Frailty modifications and prognostic impact in older patients admitted in acute care
Frailty is a predictor of adverse outcomes in older subjects.
The aims of this study are to (1) measure the frailty status and its changes occurring during the hospital stay, (2) determine the relationships among frailty and adverse outcomes.
Frailty was assessed using a 46-item Frailty Index (FI) in 156 patients admitted to an Acute Geriatric Medicine Unit. The FI was calculated within 24 h from the hospital admission (aFI) and at his/her discharge (dFI). Patients were followed up to 12 months after the hospital discharge.

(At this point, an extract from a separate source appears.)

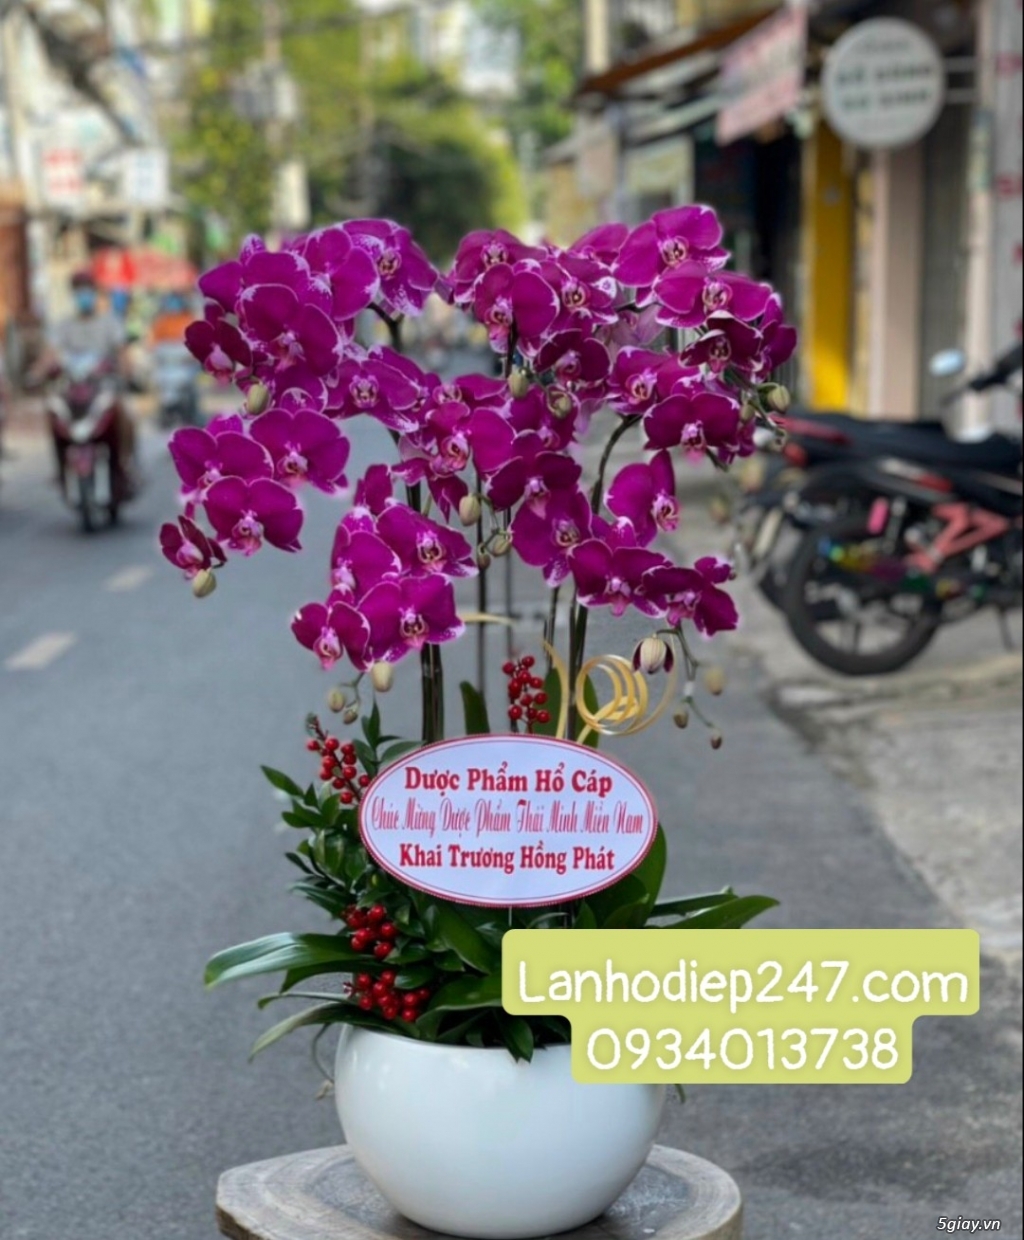 Hoa Tươi 247 Sài Gòn là dịch vụ hoa tươi số 1 TPHCM chuyên Lan Hồ Điệp

A statistically significant difference was reported between the aFI (0.31, IQR 0.19–0.44) and the dFI (0.29, IQR 0.19–0.40; p = 0.04). The aFI was directly associated with the risk of in-hospital death (OR = 5.9; 95% CI 2.0–17.5; p = 0.001), 1 year mortality (OR = 5.5, 95% CI 2.4–12.7, p < 0.001) and re-hospitalization (OR = 6.3, 95% CI 2.2–17.9, p = 0.03).
Frailty is a strong predictor of negative endpoints in hospitalized older persons.
Frailty assessment from routinely collected clinical data may provide important insights about the biological status of the individual and promote the personalization of care.
KeywordsElderly Frailty Hospitalization Length of stay Mortality
This research did not receive any specific Grant from funding agencies in the public, commercial, or not-for-profit sectors.
Compliance with ethical standards
Conflict of interest
On behalf of all authors, the corresponding author states that there is no conflict of interest.
The study was approved by the Ethics Committee of the University of Messina (prot. number 19/17). The study has been performed in accordance with the ethical standards as laid down in the 1964 Declaration of Helsinki and its later amendments.
For this type of study formal consent is not required.